Our Research
Active projects. Production-grounded, reproducible, openly published.
SynapseKit
A lightweight, production-focused LLM framework built from the ground up for speed and simplicity. 2 dependencies, 30× faster cold start than LangChain, async-native tool and retriever base classes. Designed for engineers who want batteries-included agent tooling without the middleware tax.
ChunkRank
A Python library for ranking and filtering document chunks by relevance before sending them to an LLM. Reduces token cost and improves answer quality in RAG pipelines by ensuring only the most informative chunks make it into the context window.
LLM Framework Showdown
A 30-notebook reproducible benchmark comparing SynapseKit, LangChain, and LlamaIndex across developer experience, RAG pipelines, agent capabilities, and production concerns. Every benchmark is runnable on Kaggle, every result is reproducible. We measure cold start time, dependency count, memory footprint, API abstraction depth, streaming latency, and 12 more dimensions that matter when you're shipping to production,not just running a demo.

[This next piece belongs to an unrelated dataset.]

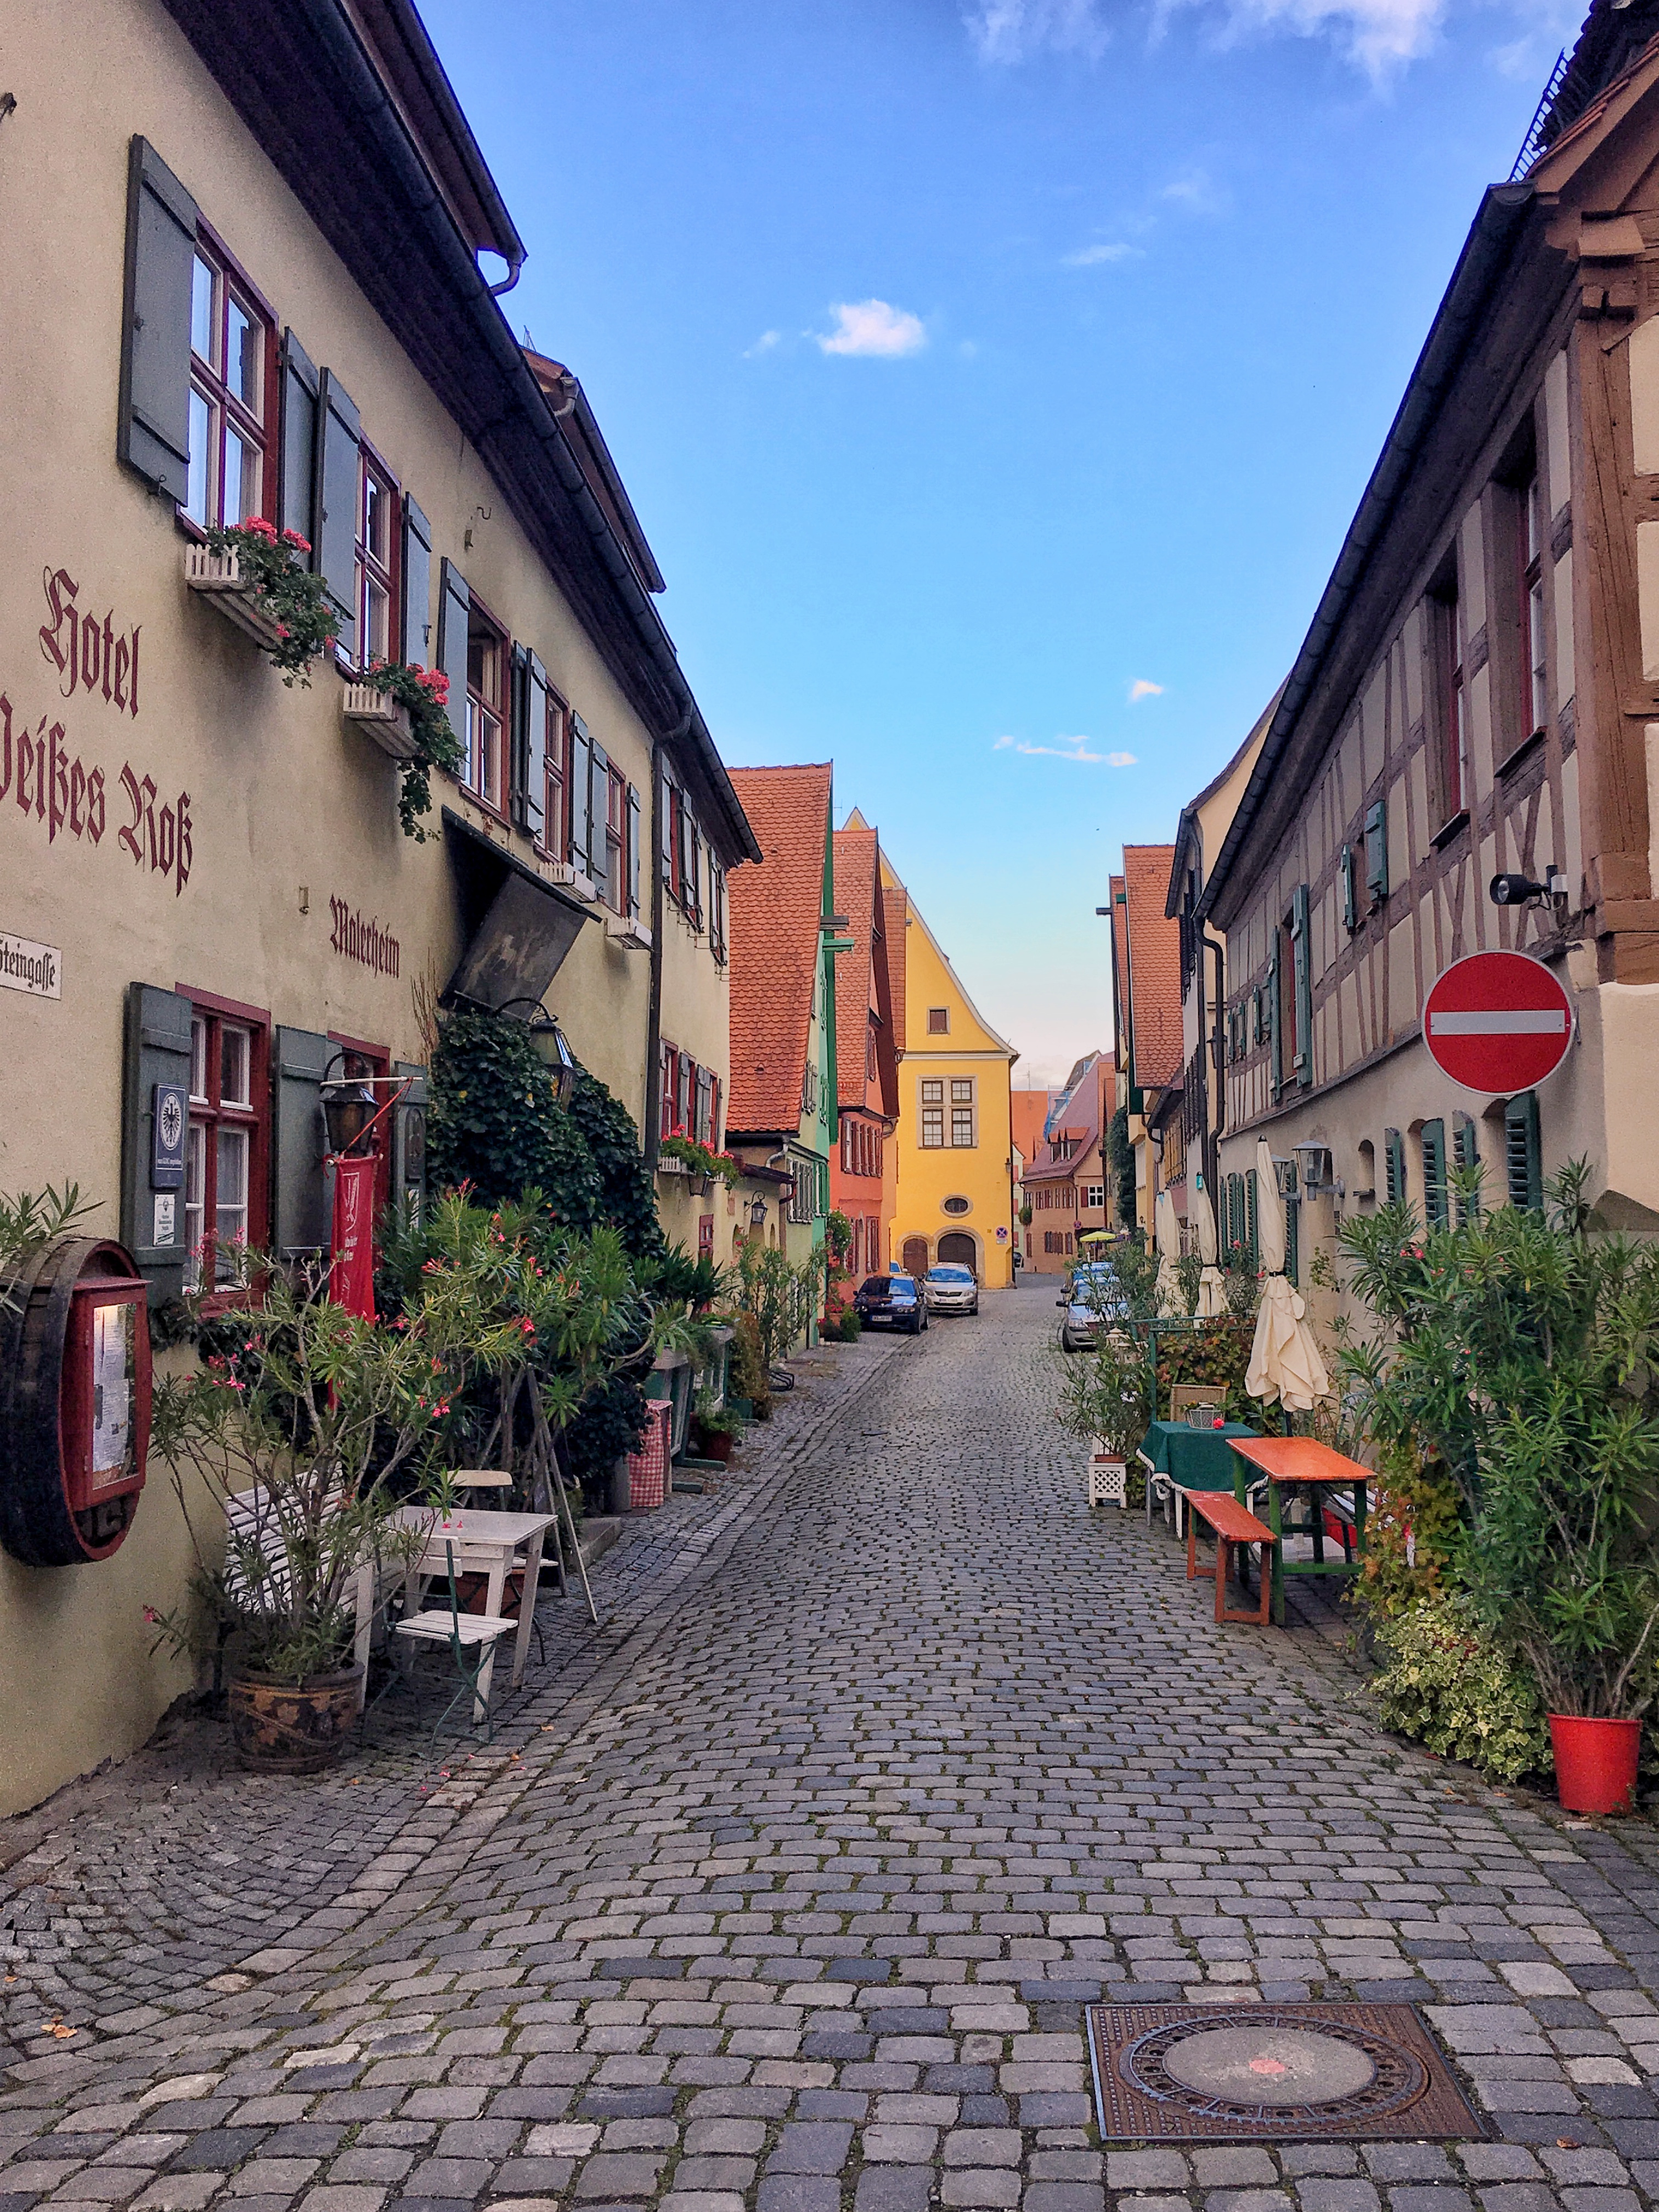 Streets of Dinkelsbuhl
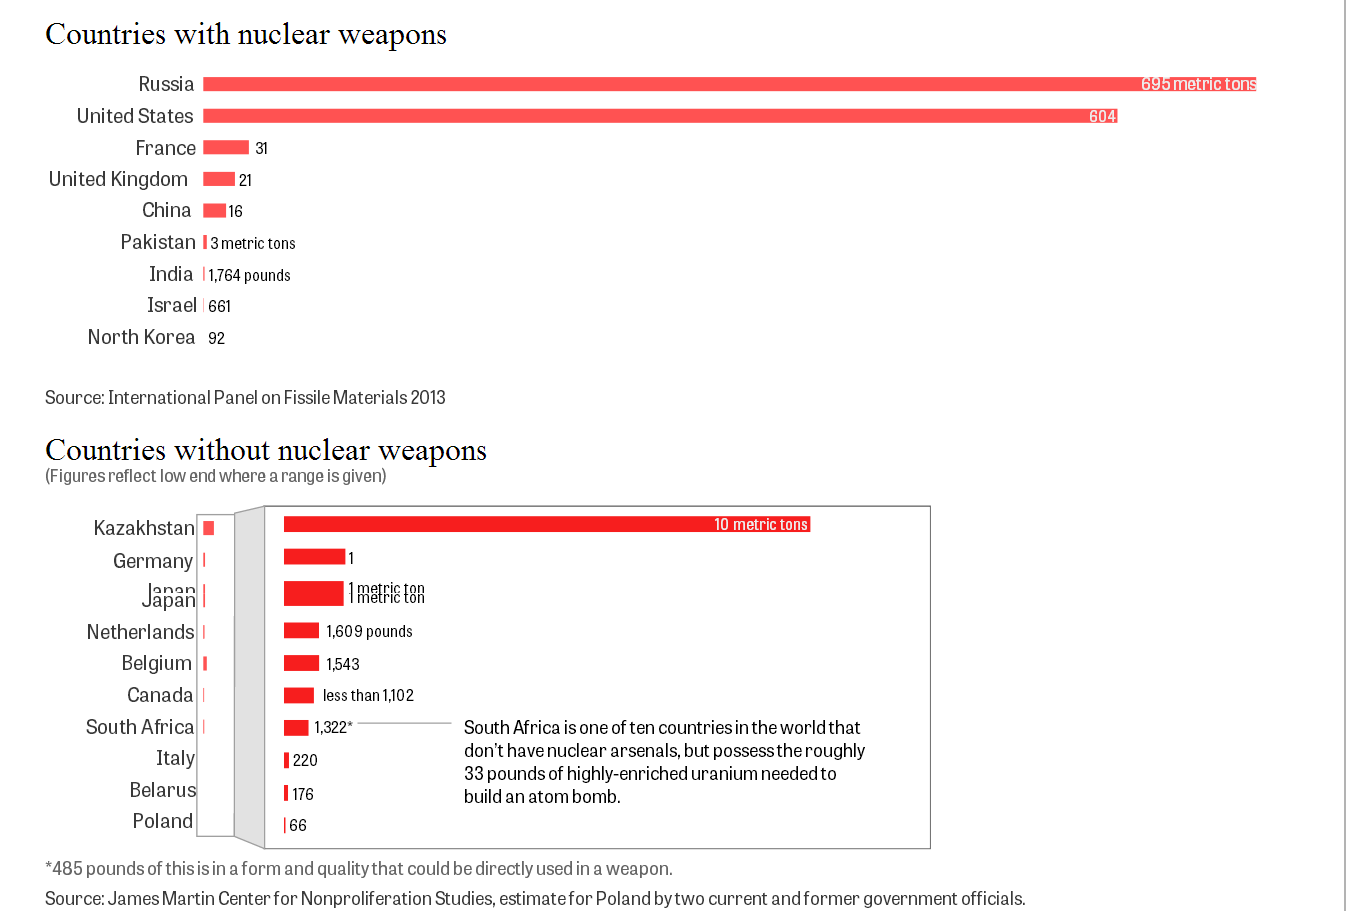 Global stocks of weapons uranium

Production Agent Reliability Study
A systematic study of failure modes in deployed LLM agents: uncontrolled loops, tool call errors, context window exhaustion, and cost overruns. We're building a structured taxonomy of 40+ failure patterns observed in real production systems, along with concrete mitigation strategies for each. The dataset includes traces from multi-step agents, ReAct loops, and tool-augmented pipelines,documenting exactly where and why they break.
Open Evals Harness
A provider-agnostic evaluation suite for LLM framework agent capabilities, portable across OpenAI, Anthropic, Google, and open-source models. Standardized metrics covering accuracy, latency, cost-per-task, and reliability,with a public leaderboard anyone can submit to. Designed so teams can benchmark their own agents against published baselines using the same harness we use internally.